A Phase I, Multi-center, Open Label, Drug-drug Interaction Study to Assess the Effect of Ceritinib on the Pharmacokinetics of Warfarin and Midazolam in Patients With ALK-positive Advanced Tumors

Status:
Completed
Trial end date:
2017-12-12
Target enrollment:
0
Participant gender:
All
Summary
The purpose of this study was to evaluate the potential inhibitory effects of ceritinib on the CYP3A4- and CYP2C9-mediated metabolism of the probe drugs midazolam and warfarin, respectively, when administered simultaneously as a cocktail. The results obtained from this drug interaction study would provide guidance that would enable an update to the ceritinib labeling and ouldl help guide recommendations for administration of co-medications in future clinical trials.
Phase:
Phase 1
Accepts Healthy Volunteers?
No
Details
Lead Sponsor:
Novartis Pharmaceuticals
Treatments:
Ceritinib
Midazolam
Warfarin
Criteria
Inclusion Criteria:

Histologically or cytologically confirmed diagnosis of stage IIIB (and is not a candidate
for definitive multimodality therapy) or stage IV NSCLC demonstrated ALK-positive or an
advanced tumor, other than NSCLC, that carries an ALK genetic alteration (mutation,
translocation or amplification) and/or ALK overexpression that has progressed despite
standard therapy, or for which no effective standard therapy exists.

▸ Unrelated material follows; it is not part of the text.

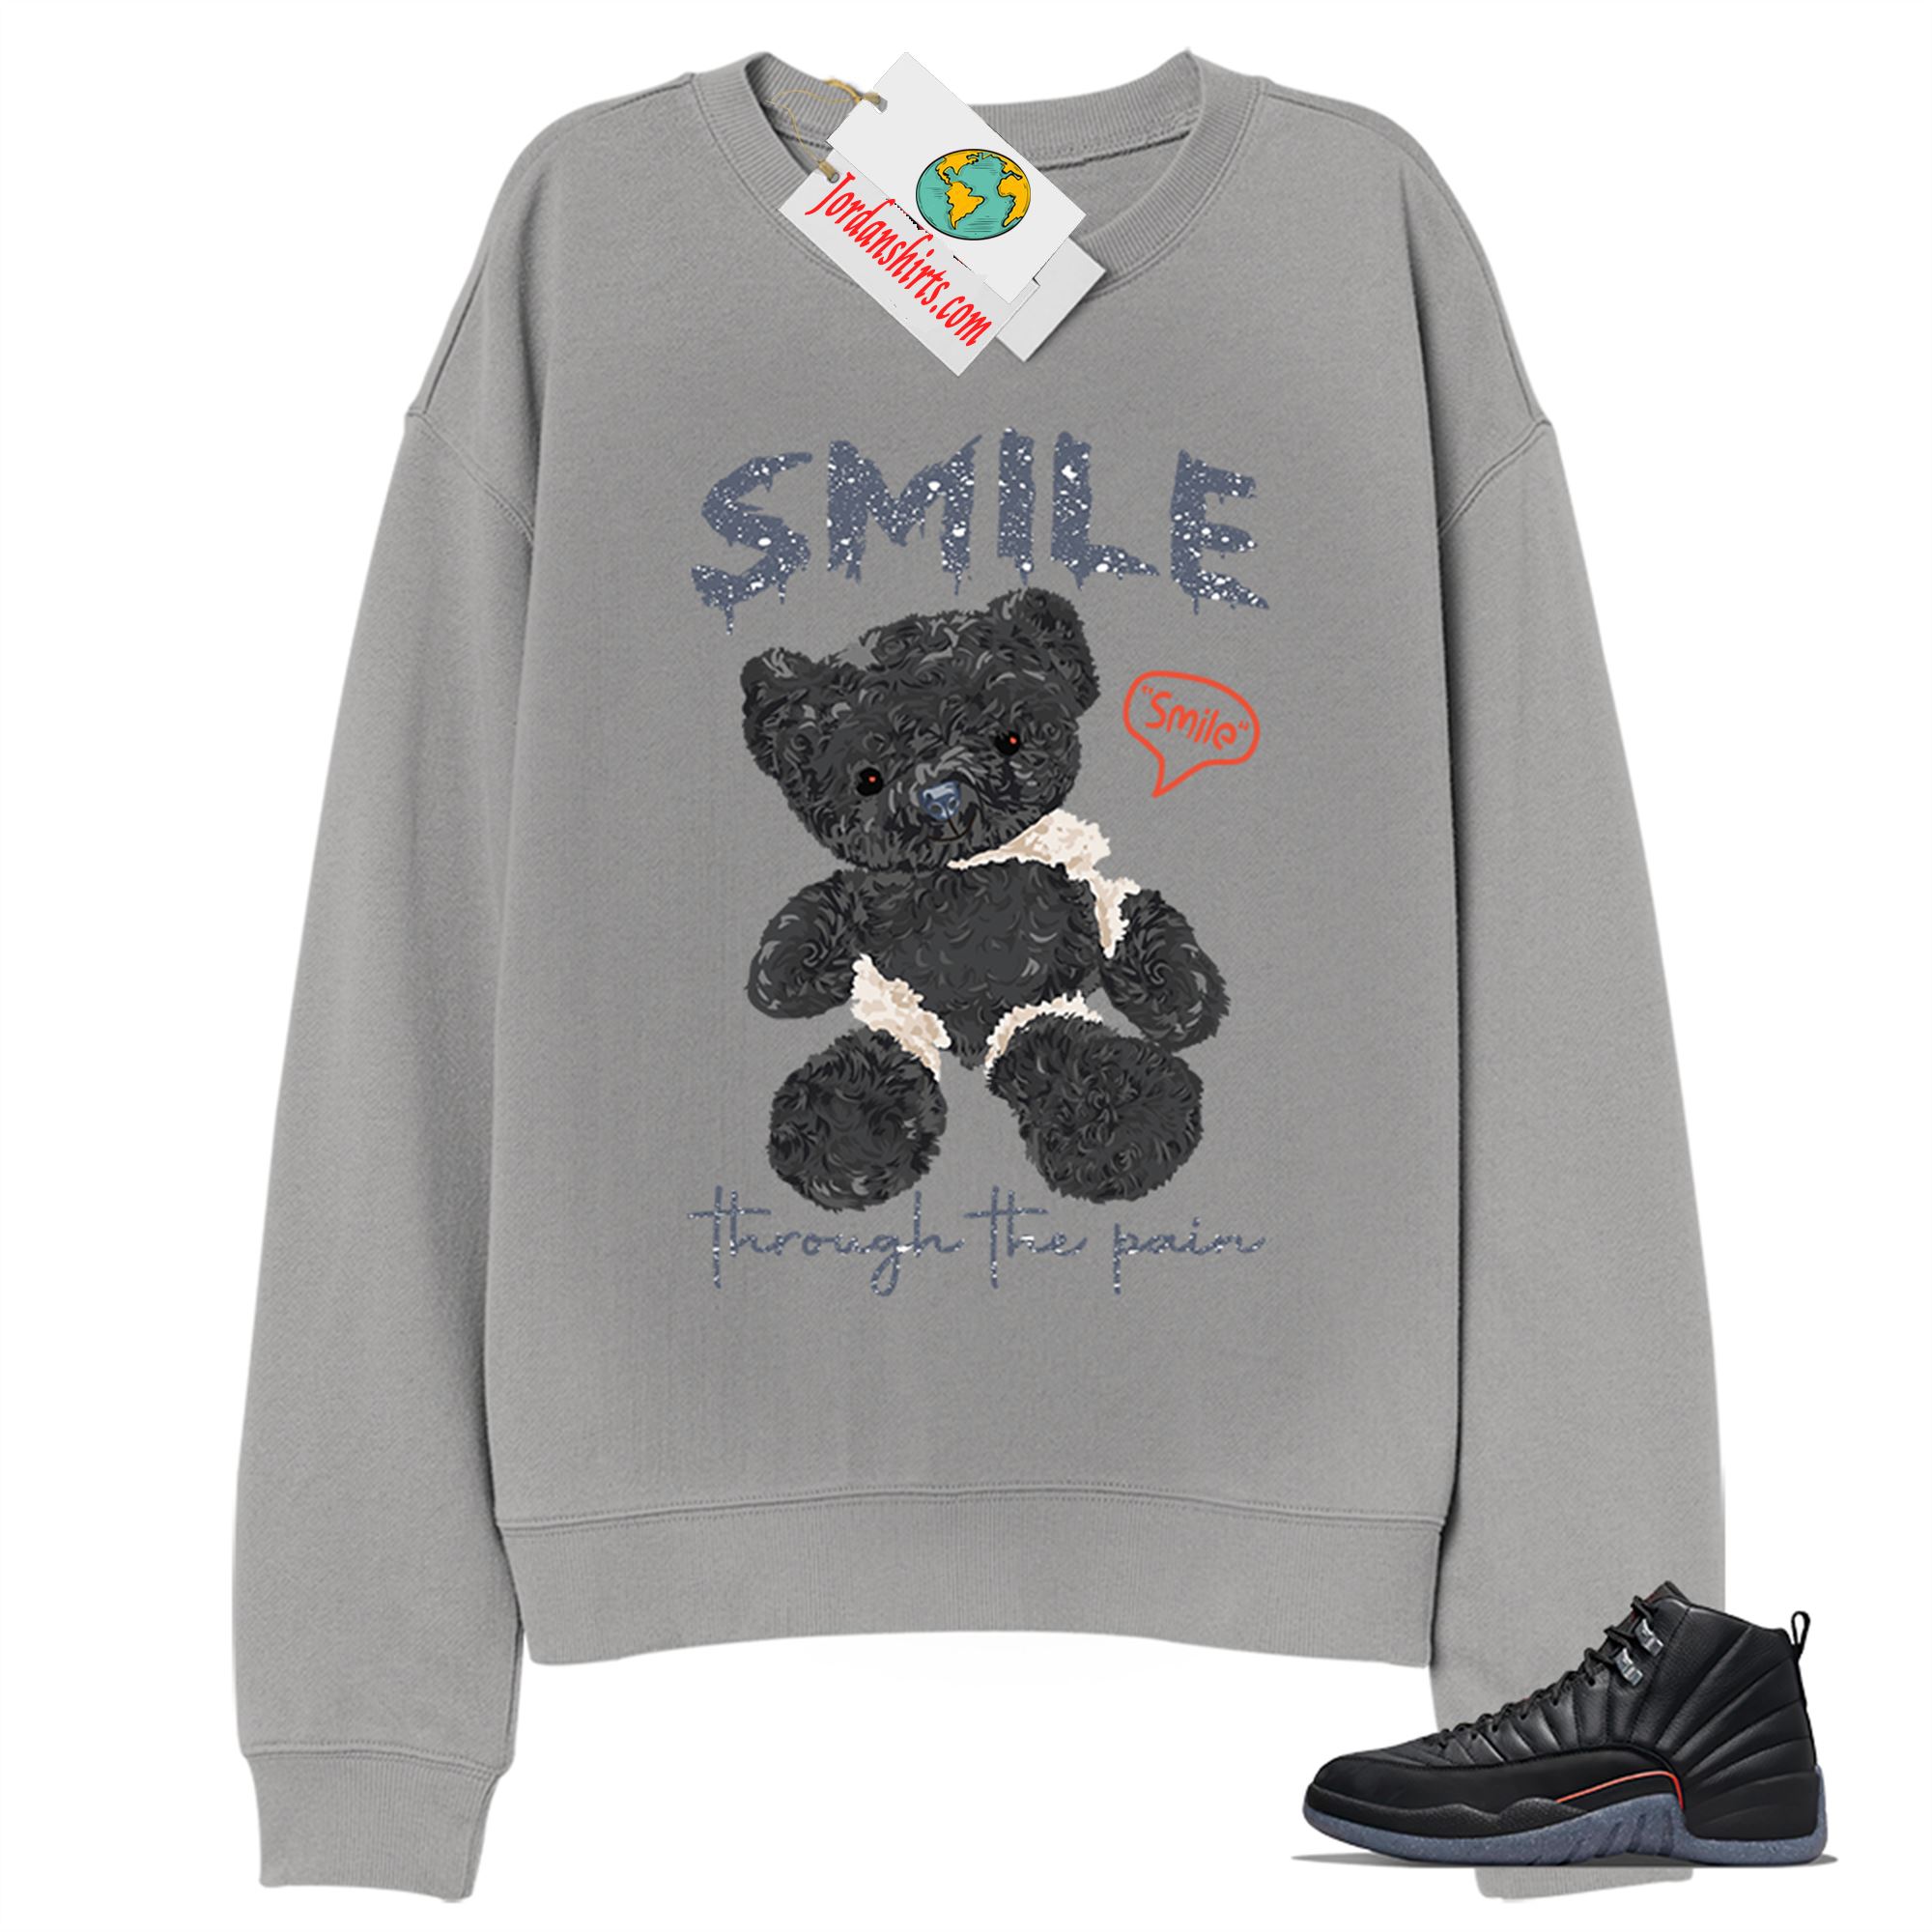 Jordan 12 Sweatshirt, Teddy Bear Smile Pain Grey Sweatshirt Air Jordan 12 Utility Grind 12s Plus Size Up To 5xl

- The test to confirm ALK-positivity may be performed in archival tumor (obtained at or
since the time of diagnosis), or in a newly obtained tumor sample taken prior to the
first day of study drug. Results confirming ALK-positive status must be available
before initiating treatment with ceritinib.

- Patients who have received prior chemotherapy, other ALK inhibitors, biologic therapy,
or other investigational agents, must have recovered from all toxicities related to
prior anticancer therapies to grade ≤ 1 (CTCAE v 4.03) prior to starting study drug.
Patients with grade ≤ 2 peripheral neuropathy or any grade of alopecia, nail changes
or skin changes are allowed to enter the study.

- Patients who have been treated with chemotherapy, with biological therapy or other
investigational agent must have discontinued the treatment at least 2 weeks (14 days)
prior to starting the study drug on Study Day 1.In case last chemotherapy contained
nitrosourea or mitomycin C, the treatment was discontinued at least 6 weeks prior to
starting study drug.

- Patient has the ability to understand and provide signed informed consent.

Exclusion Criteria:

- Patients with known hypersensitivity to any of the excipients of ceritinib
(microcrystalline cellulose, mannitol, crospovidone, colloidal silicon dioxide and
magnesium stearate), midazolam and warfarin as described in the local product
information.

- History of carcinomatous meningitis.

- Presence or history of a malignant disease other than an ALK-positive advanced tumor
that has been diagnosed and/or required therapy within the past 3 years. Exceptions to
this exclusion include the following: completely resected basal cell and squamous cell
skin cancers, and completely resected carcinoma in situ of any type.

- Clinically significant, uncontrolled heart disease and/or recent cardiac event (within
6 months), such as:

- Unstable angina within 6 months prior to screening.

- Myocardial infarction within 6 months prior to screening.

- History of documented congestive heart failure (New York Heart Association functional
classification III-IV).

- Uncontrolled hypertension defined by a Systolic Blood Pressure ≥ 160 mmHg and/or
Diastolic Blood Pressure ≥ 100 mmHg, with or without antihypertensive medication.
Initiation or adjustment of antihypertensive medication (s) was allowed prior to
screening.

- Ventricular arrhythmias.

- Supraventricular and nodal arrhythmias not controlled with medication.

- Other cardiac arrhythmia not controlled with medication.

- Corrected QT (QTcF) > 470 ms using Fridericia's correction on the screening
electrocardiogram (ECG) (as mean of triplicate ECGs).

- Uncontrolled hypertension defined by a Systolic Blood Pressure (SBP) ≥ 160 mmHg and/or
Diastolic Blood Pressure (DBP) ≥ 100 mmHg, with or without anti-hypertensive
medication.

- Patient has history of interstitial lung disease or interstitial pneumonitis,
including clinically significant radiation pneumonitis (i.e., affecting activities of
daily living or requiring therapeutic intervention).

Other Protocol defined Inclusion/Exclusion may applied.